The team discovered that blue whales more often rolled to the right for side-rolls deep underwater and to the left for barrel rolls in shallower water.
The team discovered that blue whales more often rolled to the right for side-rolls deep underwater and to the left for barrel rolls in shallower water. Photograph: Tui De Roy/Minden Pictures RM/Getty Images/Minden Pictures RM

They are the largest animals on Earth, can live to around 90 years old and have a tongue that weighs as much as an elephant. Now scientists have revealed another insight into blue whales: how they roll.

A study has found that blue whales have a tendency to roll to one side or the other when lunging for prey, with the preference apparently down to the depth of the water and the type of roll they execute.

“As humans we think lateralisation [like “handedness”] is a uniquely human trait but actually you find it in a broad range of species in the animal kingdom,” said James Herbert-Read, co-author of the study from Stockholm University.

“What we often find is that individuals that are lateralised, so perform a behaviour predominantly with one side of their body, have more efficient behaviours – they can be more efficient at feeding, more efficient at avoiding predators.”

The team say new research suggests this might well be true for the blue whale. But, he adds, there is an exciting twist.

“These lateralized behaviours [are] manifesting depending on where and how that particular behaviour, which is feeding, occurs. That was the really new thing,” he said.

Writing in the journal Current Biology, researchers from the US and Sweden describe how they fitted motion tracking sensors to 63 blue whales to explore their movements.

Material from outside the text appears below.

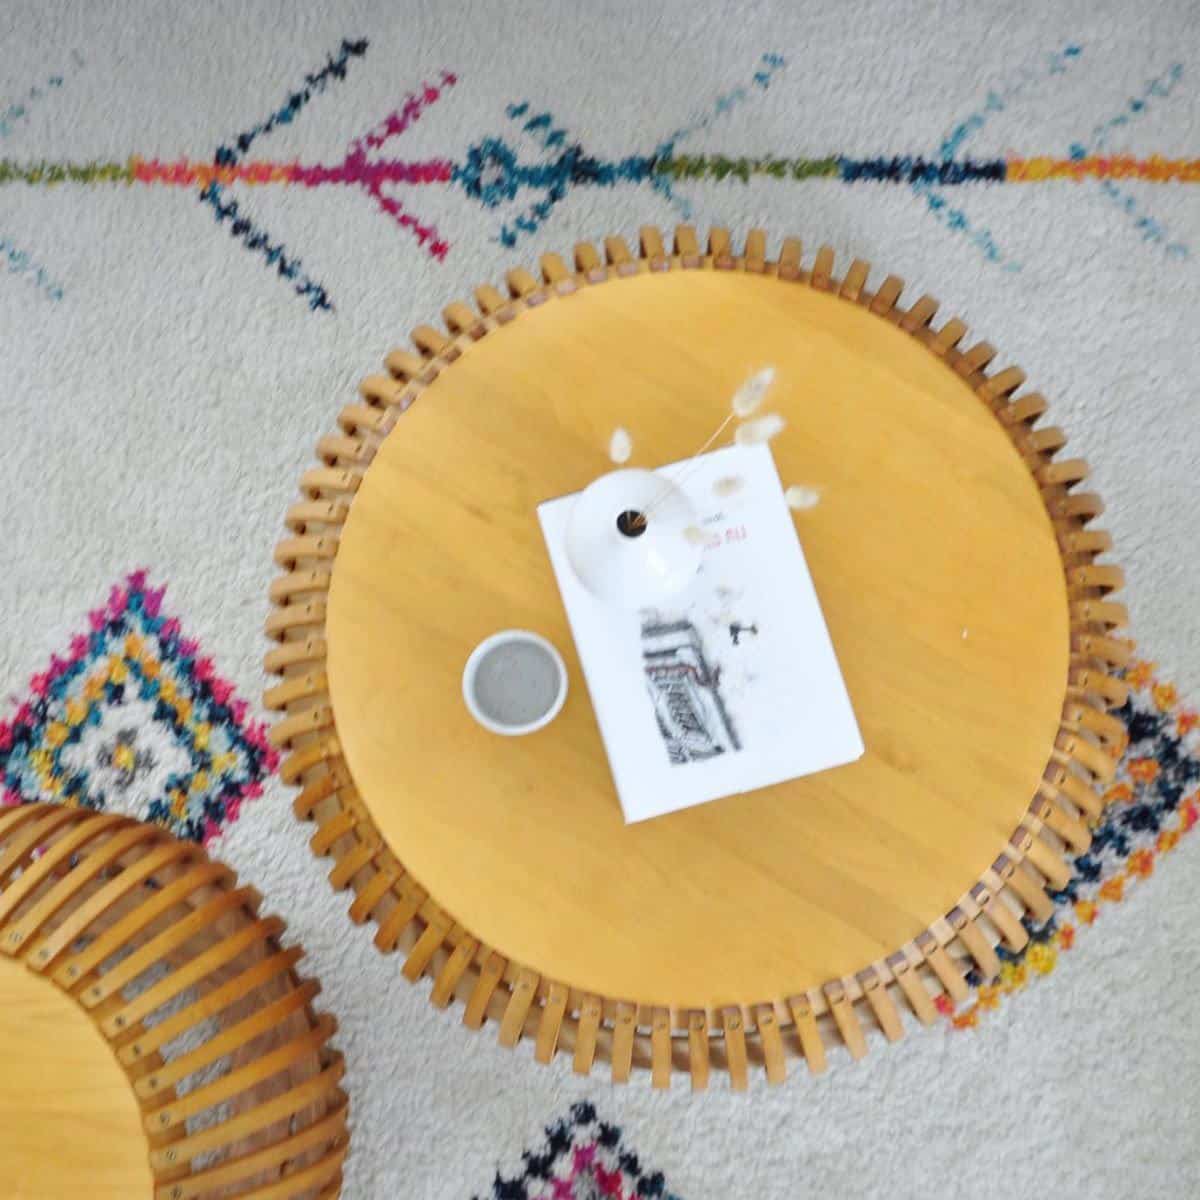 שטיח מיקונוס 01 קרם עם פרנזים | השטיח האדום | עיצוב: מעיין פיינשטיין הום סטיילינג, צילום: מעיין פיינשטיין הום סטיילינג

The team found that the blue whales more often completed side-rolls – in which the whale tipped to one side then righted itself – at depths of more than 70 metres. Full barrel rolls were more common in shallower waters, with the whales attacking at a steeper angle.

The team then looked at data from 49 individuals that completed 10 or more rolls of any kind, finding that 28 of the whales more often rolled in one direction, with 75% rolling to the right.

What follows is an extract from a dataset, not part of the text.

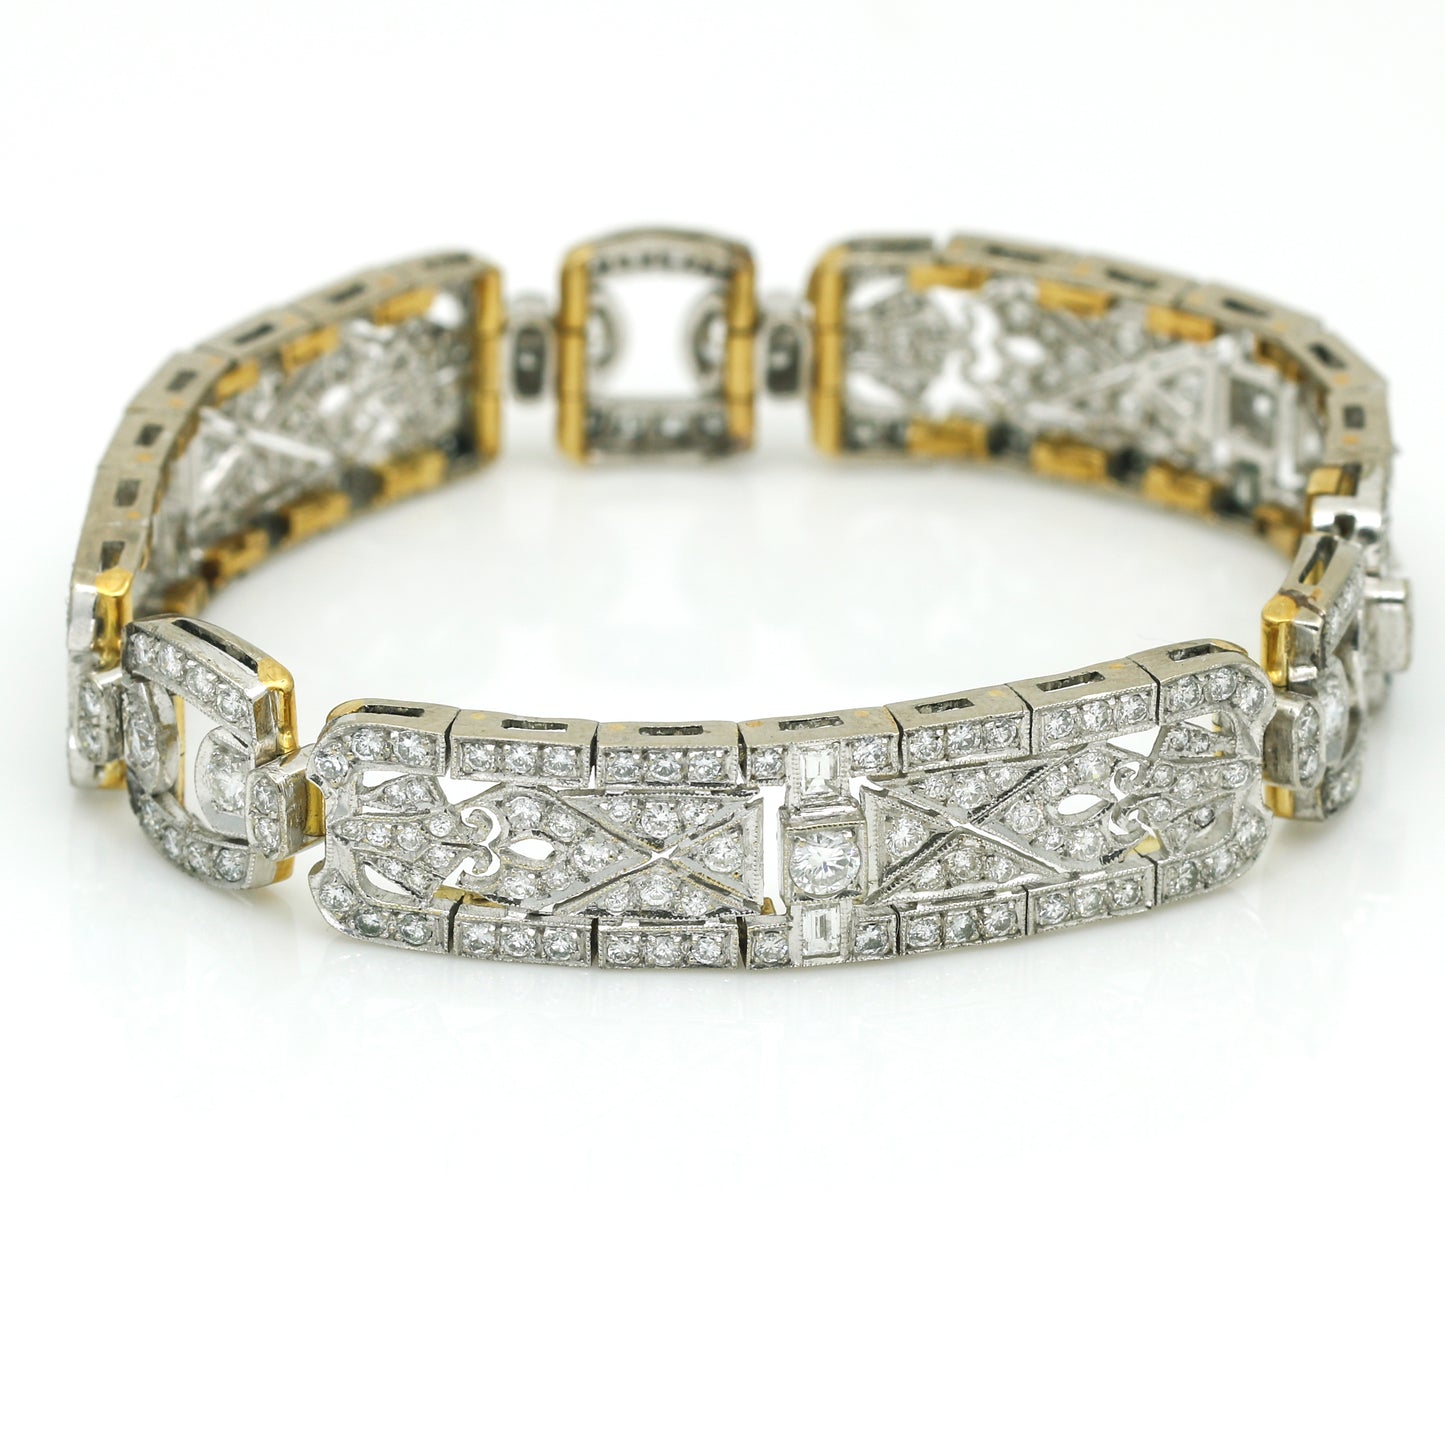 Women's Art Deco Diamond Link Bracelet in 18k Gold and Platinum

Delving deeper, the team discovered that blue whales more often rolled to the right for side-rolls and to the left for barrel rolls.

“When they are at the surface they are more likely to turn towards the left-hand side and do these larger rolls, and when they are at depth they are more likely to turn to the right and do these smaller rolls,” said Herbert-Read.

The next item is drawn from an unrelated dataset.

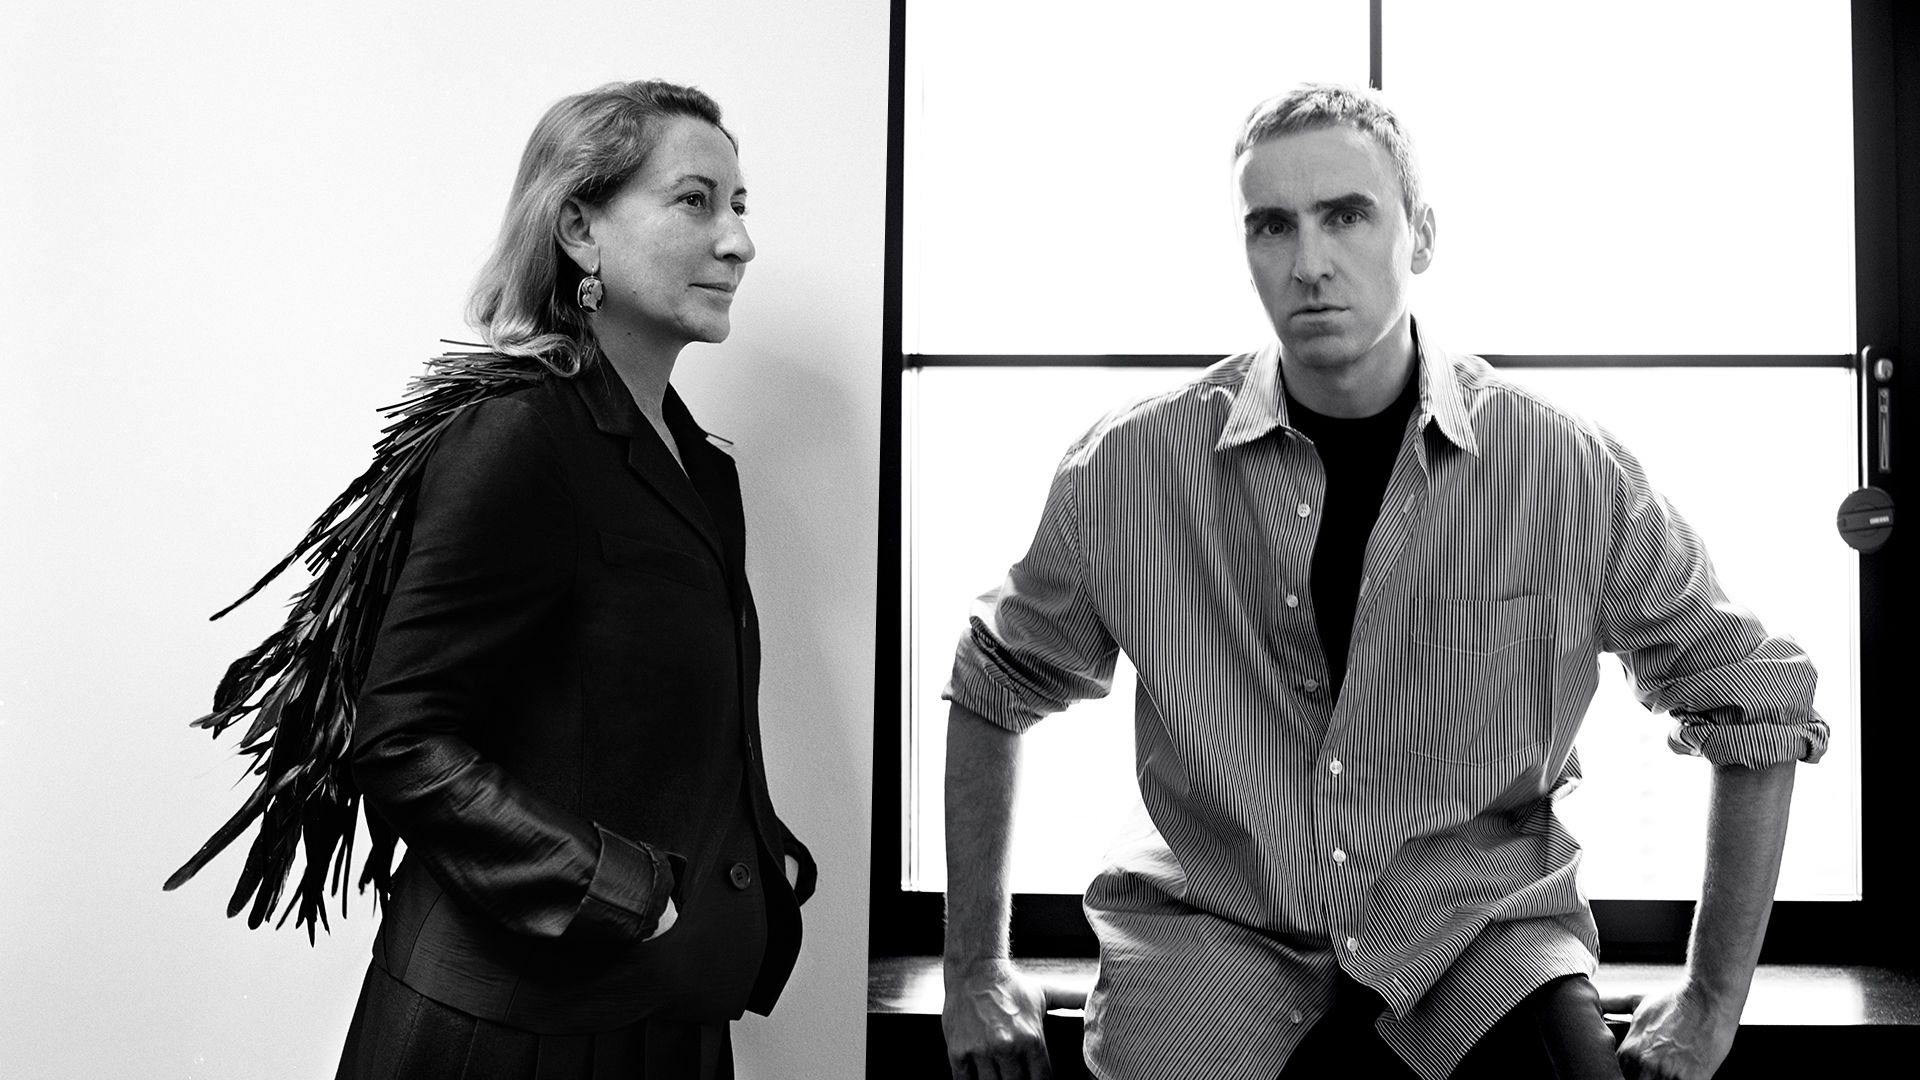 Raf Simons Joins Prada as Co-Creative Director Alongside Miuccia Prada

The team suggests that preference for the type of roll, and the direction, could be down to the distribution of small crustaceans known as krill, upon which the whales feed – with sparser patches in shallower water potentially requiring more athletic rolls for the whale to scoop a meal.

“[The blue whales] are trying to target these really small items of prey at the surface of the water and so they need to have some sort of predictive motor control,” said Herbert-Read. “In humans and other vertebrates this predictive motor control comes from the left side of the brain.”

By rolling to the left, the whales keep their right eye on the prey. “In vertebrates, all the information that is processed through the right eye is processed by the left side of the brain,” he noted.

Herbert-Read added that he hopes the discovery will encourage efforts to protect the blue whale. “I think it is just amazing that these are the largest animals that ever lived and we are still finding out these interesting and fascinating aspects of their behaviour which we had no idea about,” he said.